- _DIRECTIONS FOR THIS TASK_
Quote each line of the material verbatim, without the pictures.

- _RECORDED DATA_
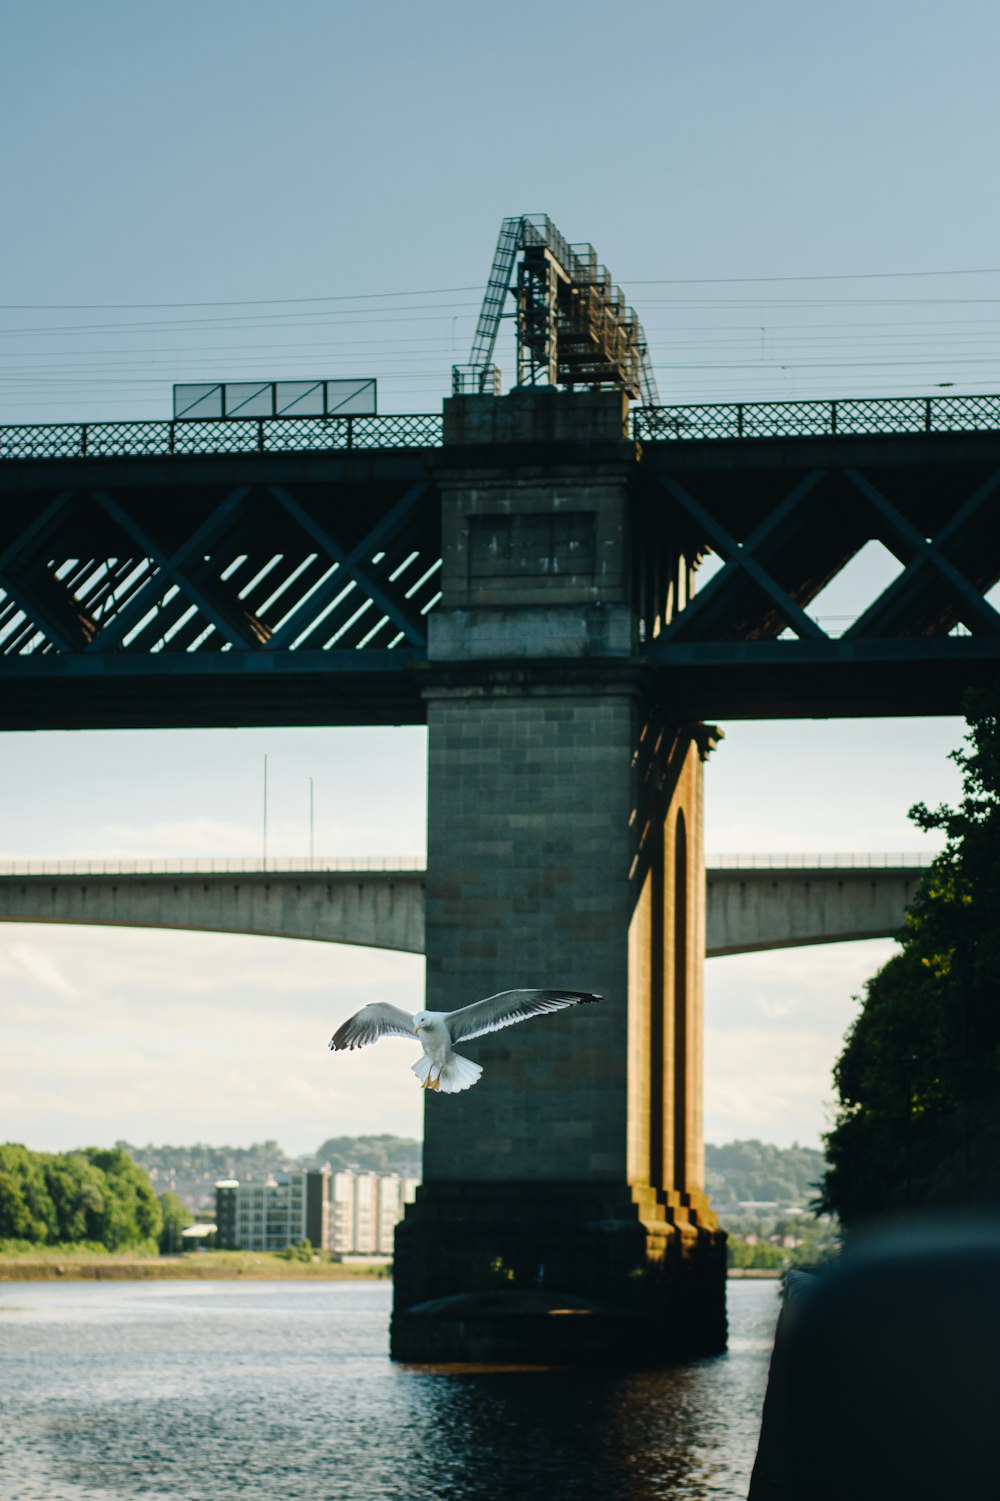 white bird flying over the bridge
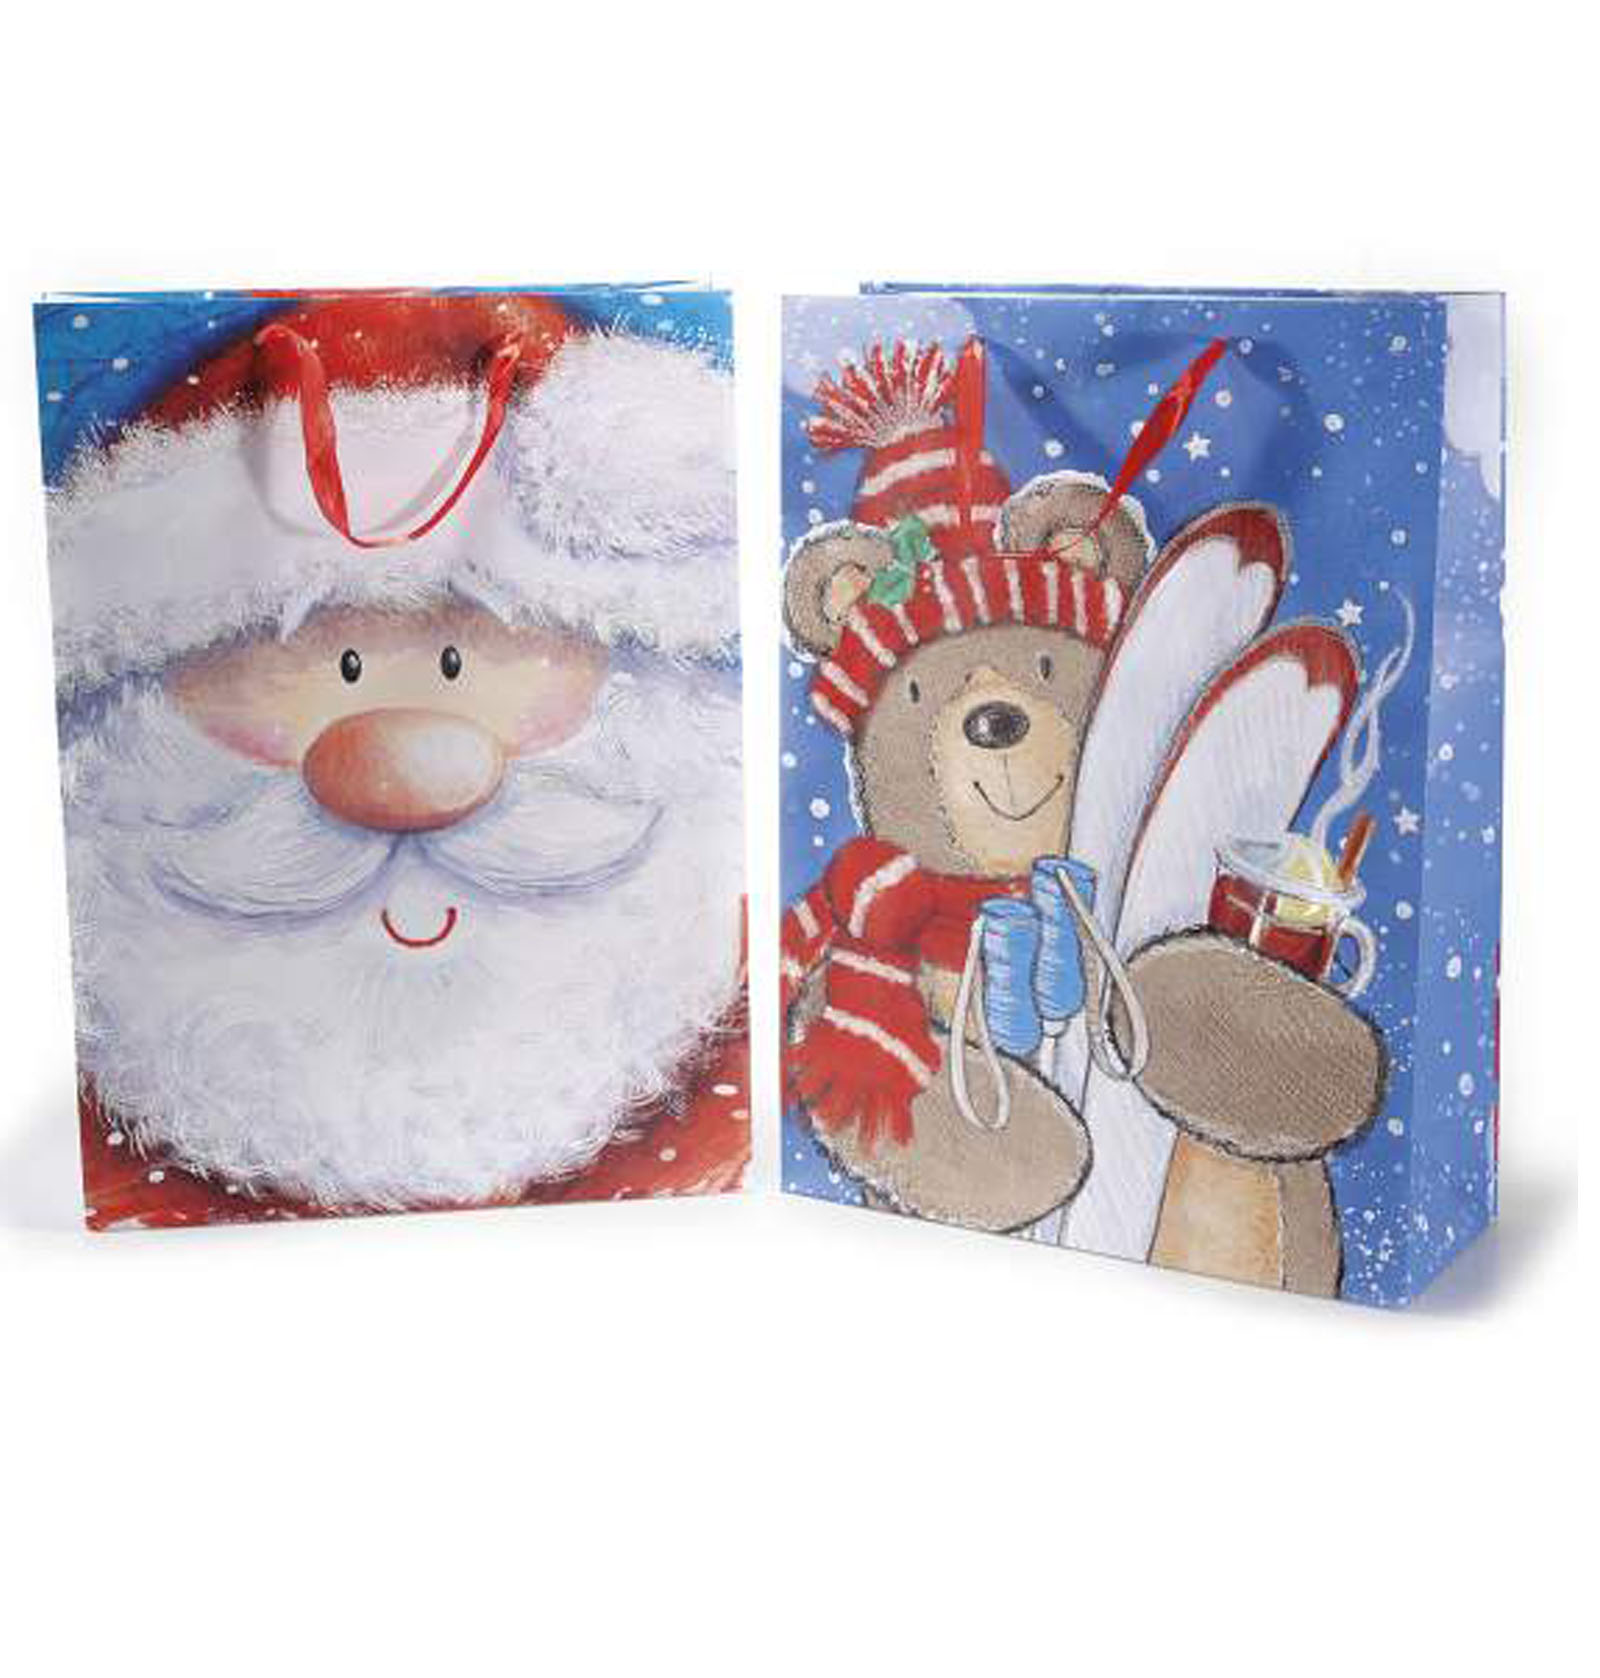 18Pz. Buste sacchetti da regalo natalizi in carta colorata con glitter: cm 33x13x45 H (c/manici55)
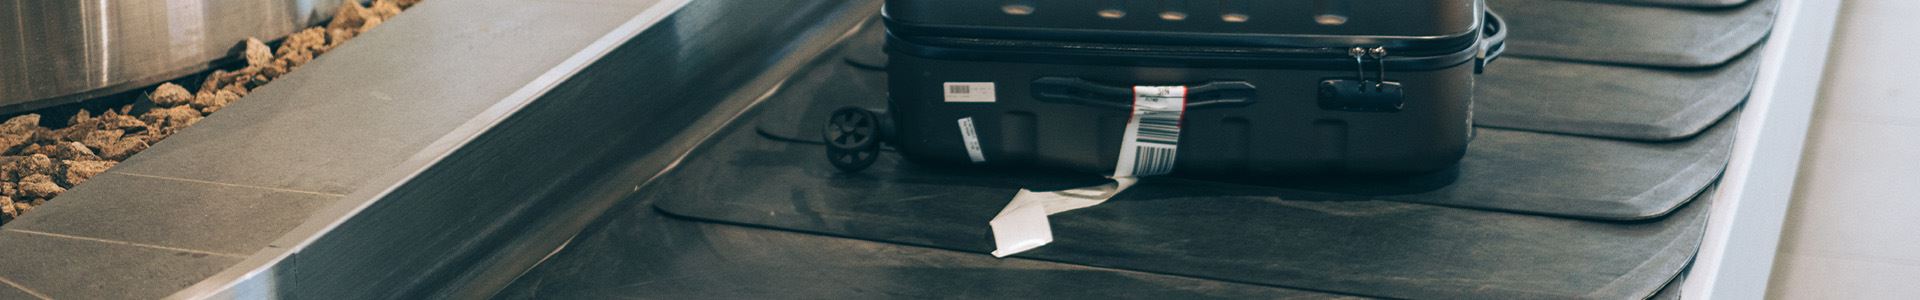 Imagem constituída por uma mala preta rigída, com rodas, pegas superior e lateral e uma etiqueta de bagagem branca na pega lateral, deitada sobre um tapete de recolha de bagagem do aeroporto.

- _RESULT BELOW_
 white bird flying over the bridge
 18Pz. Buste sacchetti da regalo natalizi in carta colorata con glitter: cm 33x13x45 H (c/manici55)
 Imagem constituída por uma mala preta rigída, com rodas, pegas superior e lateral e uma etiqueta de bagagem branca na pega lateral, deitada sobre um tapete de recolha de bagagem do aeroporto.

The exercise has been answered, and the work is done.